Google has a vision for the future of video sharing, and it revolves around international content and economies of scale for advertisers.
"Media companies don't want to salt the earth," said Hunter Walk, product manager for Google Video, during a panel discussion at Streaming Media West yesterday. "They want a sustainable business model. Our responsibility is to work with them to figure that out."
Walk said that it's not feasible for advertisers, who need to buy inventory in large chunks, to advertise on blogs or smaller sites. That could be one reason why Google recently announced a Sponsored Videos component to Google Video. Producers with large libraries of content can apply to participate in Sponsored Videos and share the resultant ad revenue with Google.
Google's advertiser-centric worldview is also, of course, a great reason for it to purchase YouTube, which owns the world's largest online video catalog.

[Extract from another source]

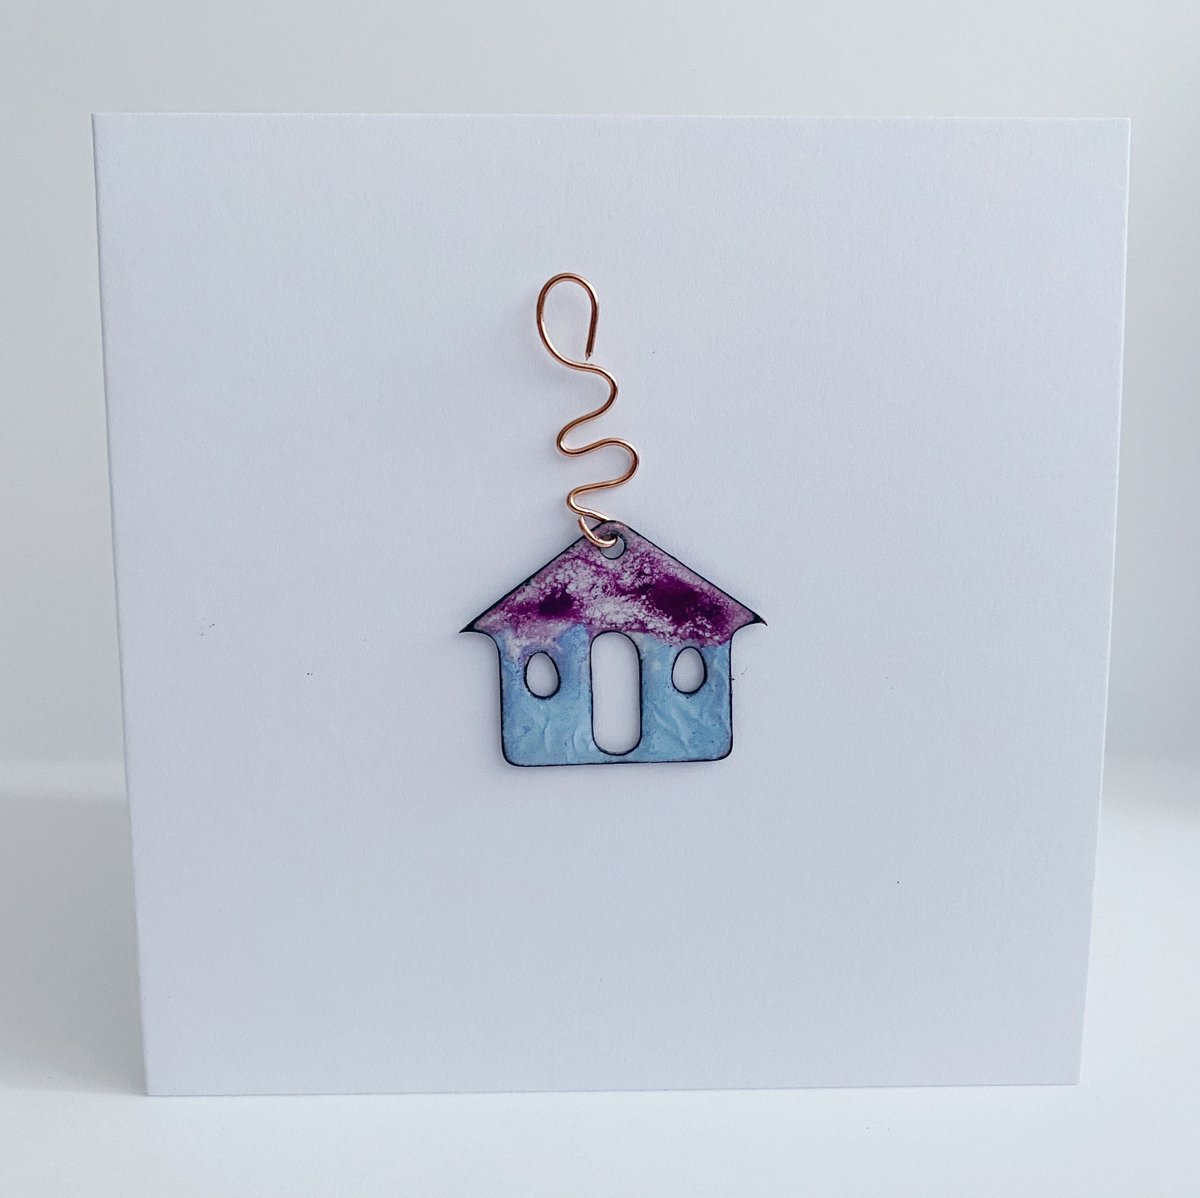 New Home Greetings Card, Moving House Card maisyplum.etsy.com/listing/858292… #ShopIndie #Etsy #MyNewTag #MHHSBD #MaisyPlum #UKCraftersHour #FeelGoodCard

Walk said that future growth in online video would come from countries outside the United States. "One of the opportunities we're going to be seeing is international," Walk said. "There will be more and more international stories."
A Google drive to take advantage of international communities would go well with Google's international efforts in other areas. Google CEO Eric Schmidt said earlier this year that Google would be most focused on mobile and international applications. Broadband access is currently growing quickest in south Asian countries, and Internet-connected mobile products are more prevalent than PCs.
Walk said Google is also looking into making video sites more sticky. He noted that when a viewer goes to a video site, it's usually because a friend recommended a specific video. The drop-off rate after that video is considerable. "How do we get you to watch that second video?" he said.